We need to return to Gondwanaland again to understand the formation of the falls.  Around 180 mya before its breakup, volcanic lava flows covered the area in successive layers.  As this cooled to basalt, a volcanic rock similar to what overlays eastern WA, the basalt cracked in many places.  During the breakup of Gondwanaland tectonic activity widened these cracks and over the millennia they were filled in by soft clay-like sediments.  When the region was uplifted during the separation of the continents, two river systems (one flowed to the Okavango and the other to the Indian Ocean) shifted course and their flow across the basalt eroded this soft material in the cracks.  Eventually, what is now the Upper Zambezi and Lower  Zambezi joined at Victoria Falls.  The falls, and several canyons the Zambezi flows through below them, are in the eroded parts of the basalt cracks.
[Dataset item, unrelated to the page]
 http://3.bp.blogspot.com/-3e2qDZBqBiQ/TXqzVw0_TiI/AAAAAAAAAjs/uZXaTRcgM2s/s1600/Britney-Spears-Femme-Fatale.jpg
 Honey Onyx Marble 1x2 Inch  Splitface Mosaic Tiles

Hard to read, but the falls are just above "Victoria Fall National Park",
and note the zig zag canyon the river flows through downstream.
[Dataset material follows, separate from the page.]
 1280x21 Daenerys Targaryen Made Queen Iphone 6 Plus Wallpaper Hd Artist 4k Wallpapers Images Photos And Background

We walked the full length of the falls on the Zimbabwe side, just over a mile.  This time of year the falls have the greatest flow - so great that the mist that rises often obscures the falls itself - a problem if you want to photograph it.  The African name for the falls meant "Smoke that Thunders" - very apt.
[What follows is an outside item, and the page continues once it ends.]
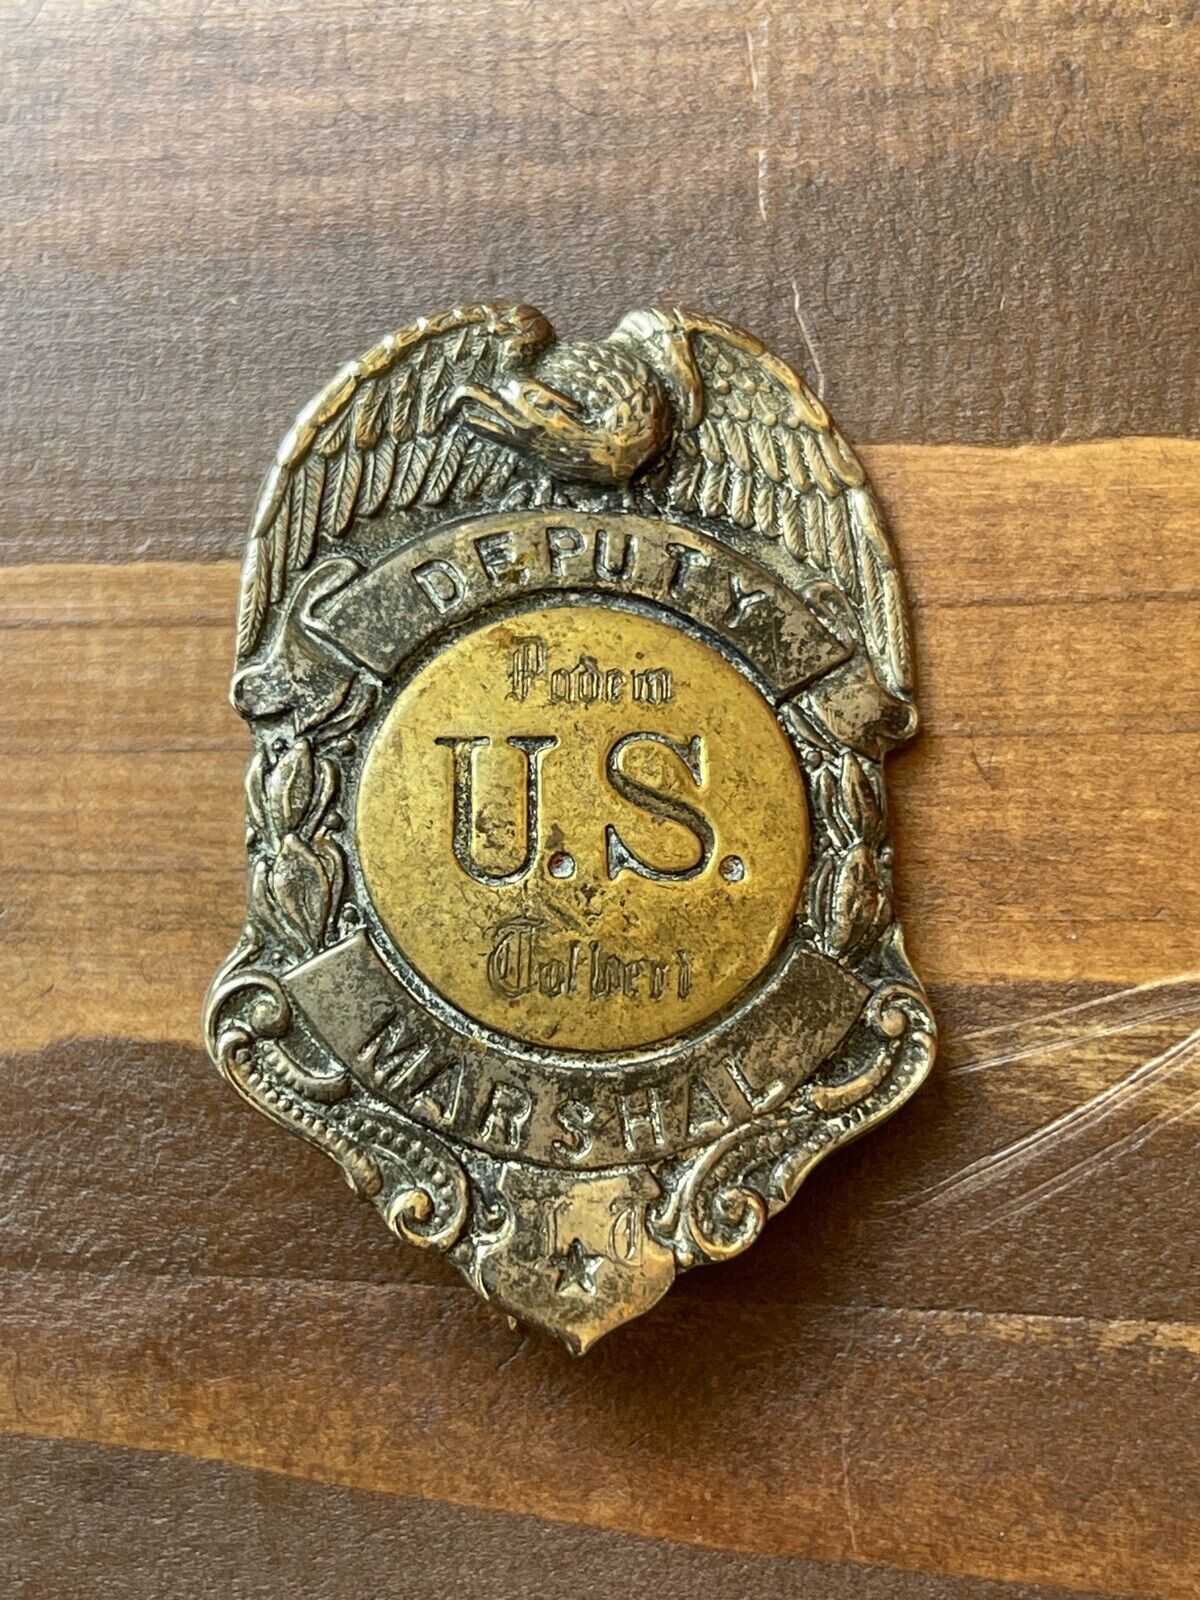 US Deputy Marshal Inscribed Badge

The mist is so thick you can't see the falls
The wind blew the mist away for a moment
Looking east down the falls through the crack in the basalt
Dr. Livingstone discover the falls for the West
Then, with Zambia only a bridge walk away, we figured "why not".  So we hoofed it across the boarder to another country, but didn't have time to make it to their closest city - Livingston.  It was a convoluted process to get visas and taxi rides from the Zim side of the river.  We also declined the entreaties to bungie jump off the bridge.  As we walked the couple miles back to our hotel we saw the other side of this tourist town.  Of course there were numerous curio shops selling wooden giraffes and beaded wire-formed safari animals. There were also sculptures made from a local stone that is grey when left rough, and luminescent black when polished.  Surprisingly many of the sculptures were quite artistic, almost modern in form.  As we continued past the shops and the entreaties to "just look - stall no. 7" we were followed.  Not in any threatening way, but in desperation.  These people are so poor because of Mugabe's administration's corruption they beg for the smallest change.  I'll discuss the politics of these countries in one of my last posts.

After the falls looking down the river in through the canyon crack in the basalt
Entering Zambia
The other side of life
We returned to our hotel before being picked up for our "sunset cruise" on the Zambezi River.  Having been disappointed the night before at our BOMA dinner I was very skeptical of what this was going to be like in this tourist-activity dominated town.  But it was a safari in it's own right.  We cruised the waters traversing the border between Zambia and Zimbabwe to within 800' of the fall's lip. The captain did a great job getting us reasonably close to hippopotamus and crocodiles, and identified an assortment of endemic African birds.  And while there were many boats doing the same thing for sunset, he managed to guide us where they seldom were more than a dot on the horizon or disappeared along the shore.

Crocodile in Zambezi 



Two Hippos in Zambezi
Elephante crossing Zambezi
Sunset cruise on the Zambezi 
Full moon rise on the Zambezi
In retrospect, I should have/could have booked this visit without an agent as we didn't need them for the hotel or the falls walk, and we would have preferred to eat in town rather than the BOMA dinner.  Alas, we don't always get it 100% right.  Our next morning we will be driven across the border to a small national airport for our flight into the Okavango Delta, Botswana.